Ибрагимыч. Хирург. Незнакомый. Не местный. Командированный. Наверно, как все приезжающие нынче в этот глухой район хирурги, в отпуске, на шабашке. Пять тысяч в день, и отпускные уже получены. Не старый. Восточного типа. Кажется, серьезный. Покоробило: спокойный! Может, это так, внешне? Не показывает волнения? Хотя живот-то видел! Уходя на второстепенную операцию – «на ногу» – видел… И оставил?! Знал про эту, в накрахмаленной шапочке, – и оставил?! Заныло внутри. Не тот…
Прибежала главная. Отметил – прибежала. Главную, когда она пришла на эту должность в районе, он сначала недолюбливал. Молодая. Не одинаково требовательна к подчиненным. Еще что-то, сейчас и не вспомнишь. Но потом как-то притерпелся. Вообще, она ему нравилась. Как женщина. А у него всегда было так: если женщина ему нравилась как женщина, он многое ей прощал. Хотя понимал, что они, женщины, и не подозревают о таком его «великодушии».

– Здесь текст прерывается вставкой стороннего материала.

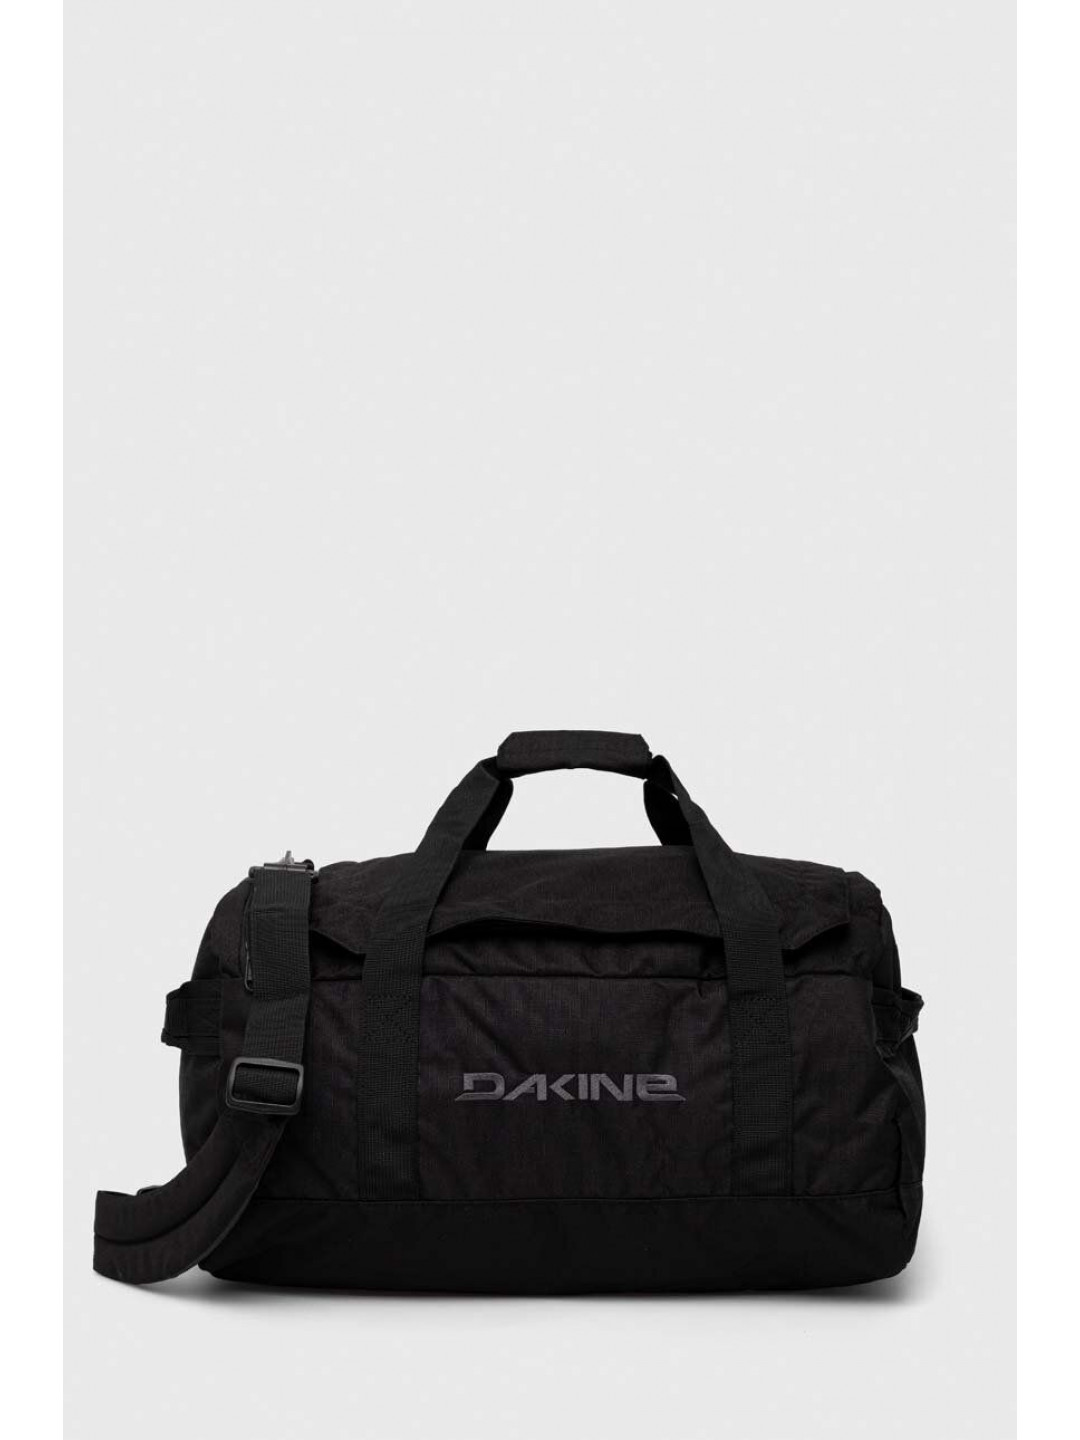 Sportovní taška Dakine EQ Duffle 35 černá barva

Нравилось, что оперирует, не ленится руками работать. Да и деловая, ничего не скажешь. И сейчас встревожена не на шутку: увидела живот. Спасибо, похоже – честно встревожена. Слова какие-то. «Смотрела, был спокойный». Она и не должна была «пасти», хирург есть! «Хотя – позвонить мне забыла? Так, ладно. Потом».
– Переводим в палату интенсивной терапии! – Главная.
Перекатили. Огляделся. Зачем? Обычная палата.
– Дыхательный аппарат здесь? А работает ли?!
– Работает-работает! – успокоила его главная.
Появился анестезиолог. Женщина. Молодая, высокая, дородная. Рыжая. Говорит что-то. Тоже командированная. Наездами: дать наркоз – и домой. Пятьдесят километров на машине.
Потом в ординаторской долго решали, что делать: везти в город, это двести километров по плохой грунтовке, или здесь идти на операцию. Задавая эти вопросы, почему-то все, включая хирурга и главную, вопросительно смотрели на него, на терапевта… Или на отца? На отца и врача? Ждали его решения? Желания? Ответа? Команды?
– Кто повезет? – Главная.
– Я не повезу! – Рыжая, анестезиолог.
Ибрагимыч, хирург: молчание…
Он нетерпеливо ждал, потом вдруг резко понял: ответственность! Они все боятся ответственности! Не хотят брать на себя, решать! Понял вдруг: болото!
– Я повезу. Сам повезу!
Явное облегчение в рядах.
Так все-таки что делать, везти? А вдруг там, в животе, кровотечение?! Ладно, повезем. А если селезенка полетела? Ухнет оттуда! Лапароскопа в районе нет! В живот не заглянешь. Глухо. Или же идти «на живот», на лапаротомию? Везти – или в операционную?! Сейчас пока стабильно. Но в дороге может кровануть сильнее! Сейчас, пока капаем, еще стабильно. А здесь, как войдут в живот, справятся ли? А крови-то нет донорской. Пока подвезут из города. Реанимацию вызвали, но пока там соберут бригаду, постоянно-то не дежурят! Час. Да пока едут по плохой грунтовке, еще три с лишним, не меньше. И ждать нельзя!
Бешено крутилось в голове. Стоял посреди ординаторской.
Молчат. Ждут вопросительно. На него смотрят.
Не те. Никто не хочет взять ответственность на себя. Все не те! Нет врачей. Ну ладно. Значит, он здесь главный!
– Так, сейчас скажу! Ждать!
И быстро вышел из ординаторской. Вышел, как будто вынырнул из безнадежной, трусливой неопределенности, из болота, где он, терапевт, задыхаясь без воздуха, ждал от них, специалистов, четкого, властного, необсуждаемого, спасительного и единственно правильного решения.